Q: Is participating in a clinical trial safe?

Clinical trials in the United States are regulated by the FDA and overseen by Institutional Review Boards (IRBs) that review the protocol for safety. Risk varies by trial — Phase 1 studies test new treatments in humans for the first time, while Phase 3 trials use treatments that have already passed earlier safety screening. The informed consent document for any specific trial details the known risks and what to expect. Discuss those risks with your physician before deciding whether to participate.

Q: Where can I verify the data on this page?

Every detail on this page comes directly from the ClinicalTrials.gov API. Click "View on ClinicalTrials.gov" in the sidebar to see the official, unmodified record. The federal record is always authoritative; this page is a structured presentation with a plain-English eligibility translation. For background on how clinical trials are regulated, see the FDA drug approval process documentation.

Effect of Tofacitinib on Coagulation and Platelet Function, and Its Role in Thromboembolic Events (NCT05313620) is a Phase 4 interventional studying Ulcerative Colitis and Thromboembolism, sponsored by Fundación de Investigación Biomédica - Hospital Universitario de La Princesa. RECRUITING as of the most recent ClinicalTrials.gov update. Talk to your doctor before contacting the trial site.

About This Trial

Post-authorization, prospective and unicenter clinical trial, in which patients with UC will be included. The treatment with anti-TNFα (infliximab, adalimumab or golimumab) or JAK-inhibitors (tofacitinib) will be initiated by clinical practice and the choice will be made at the discretion of the investigator at the center where the patients will be recruited (Hospital Universitario de La Princesa). In the case of the group of patients treated with tofacitinib, the selection will be made following the action protocol implemented in our center, in which this drug is usually reserved for those cases refractory to anti-TNFα and/or vedolizumab. There will be no random assignment of treatment. The drugs will be used in the approved indications and conditions of use.

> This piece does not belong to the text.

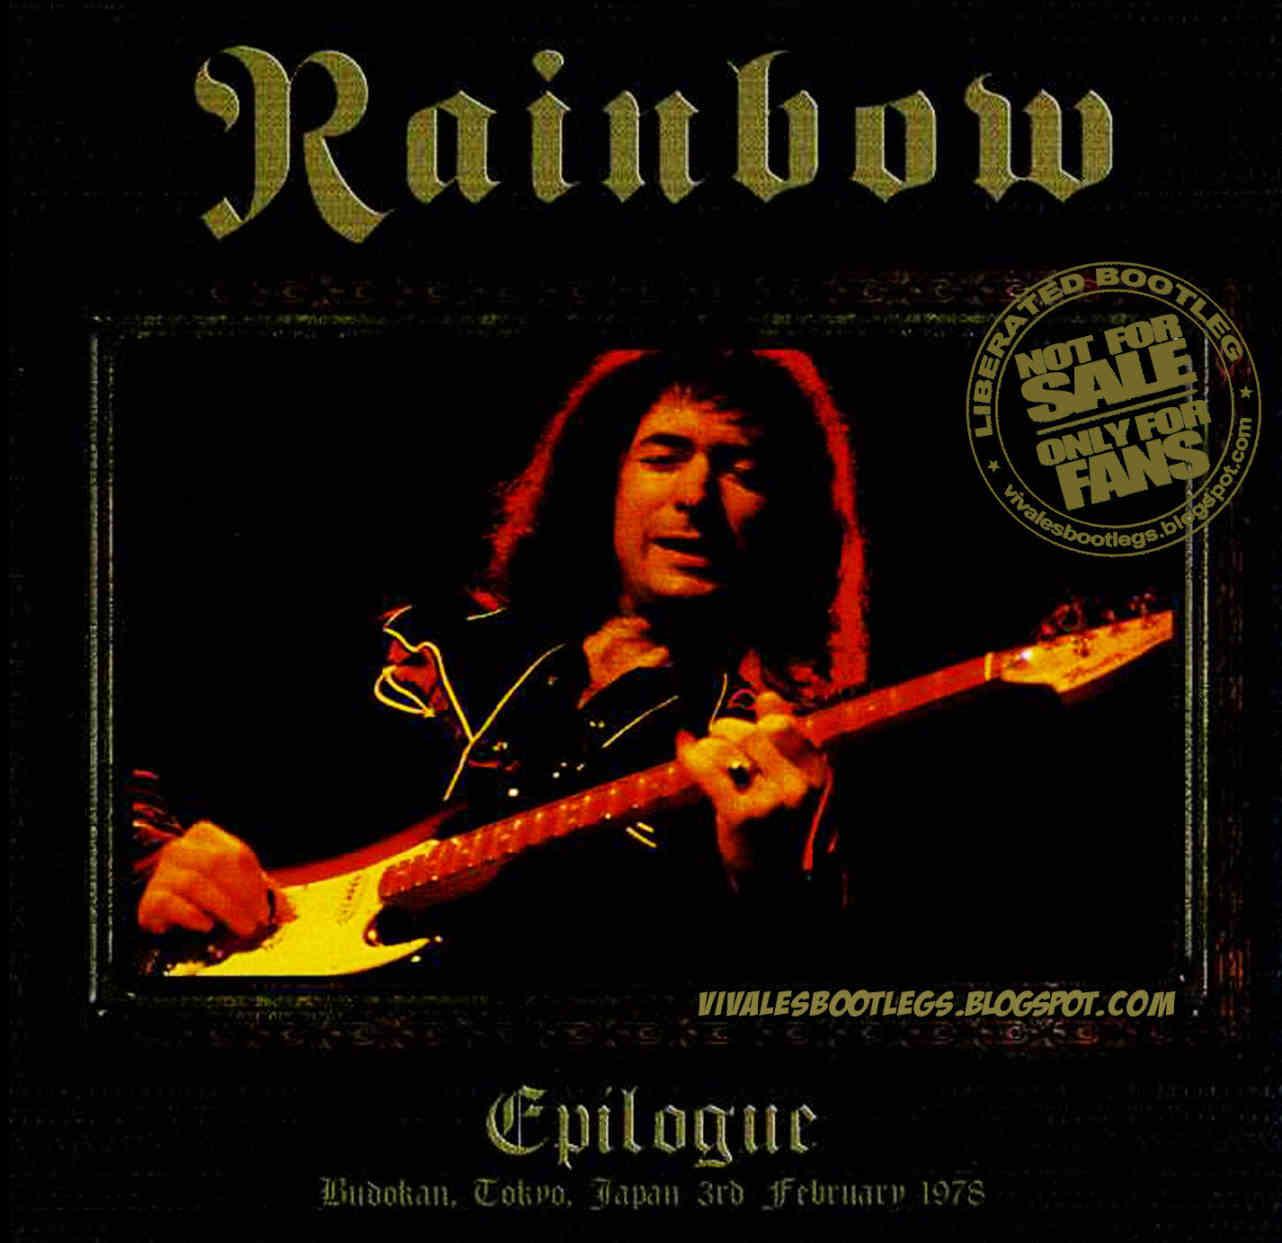 Rainbow Epilogue Budokan Hall Tokyo Japan February

What Stage of Research Is This?

Phase 4 studies happen after a treatment has been approved by the FDA. They monitor long-term safety, real-world effectiveness, and any rare side effects that only emerge in larger populations over longer periods. Phase 4 results sometimes lead to label changes, additional warnings, or — rarely — withdrawal of approval.

This trial is currently recruiting participants. The sponsor has registered the study with ClinicalTrials.gov as actively enrolling, which means new applicants who meet the eligibility criteria can be considered for screening. Trial status can change between updates — confirm current recruiting status with the study contact before traveling for a screening visit.

With a target enrollment of 30 participants, this is a small study — typical of early-phase research, rare-disease trials, or pilot studies designed to generate preliminary signal before a larger study is launched.

Who May Be Eligible (Plain English)

Who May Qualify: EX VIVO STUDY IN PATIENTS WITH UC PATIENTS WITH UC: - Over 18 years old. - Diagnosis of UC according to the criteria of the European Crohn's and Colitis Organisation (ECCO). - Previous treatments are allowed, provided they have remained stable for the past 3 months. - In the case of patients with active UC, they should have endoscopic activity within 1 month of starting the treatment (Mayo endoscopic sub-index of ≥ 2). - Women of childbearing age using contraceptive methods with an error rate \<1% per year. Examples of contraceptive methods whose error rate is \<1% per year are: 1. Intrauterine device (IUD). 2. Bilateral tubal occlusion. 3. Couple with vasectomy. 4. Sexual abstinence. INDIVIDUALS WITHOUT UC: - Over 18 years old. - Subjects not diagnosed with UC, or other inflammatory allergic, malignant or autoimmune conditions (where your immune system attacks your own body)s. - Women of childbearing age using contraceptive methods with an error rate \<1% per year. Examples of contraceptive methods whose error rate is \<1% per year are: 1. Intrauterine device (IUD). 2. Bilateral tubal occlusion. 3. Couple with vasectomy. 4. Sexual abstinence. IN VIVO STUDY IN PATIENTS WITH UC PATIENTS WITH UC: - Over 18 years old. - Diagnosis of UC according to the criteria of the European Crohn's and Colitis Organisation (ECCO). - Have indication of treatment with anti-TNFα (infliximab, adalimumab or golimumab) o tofacitinib. - Be the first received JAK-inhibitor or anti-TNFα with a given mechanism of action. - Have endoscopic activity of UC within 1 month of starting the treatment (Mayo endoscopic sub-index of ≥ 2). - Previous treatments (including corticosteroids and immunosuppressants) are allowed provided that they have been stable for the last 3 months before beginning treatment with JAK-inhibitor or anti-TNFα and that they are maintained at a stable dose for the duration of the study ...See full criteria on ClinicalTrials.gov Always talk to your doctor about whether this trial is right for you.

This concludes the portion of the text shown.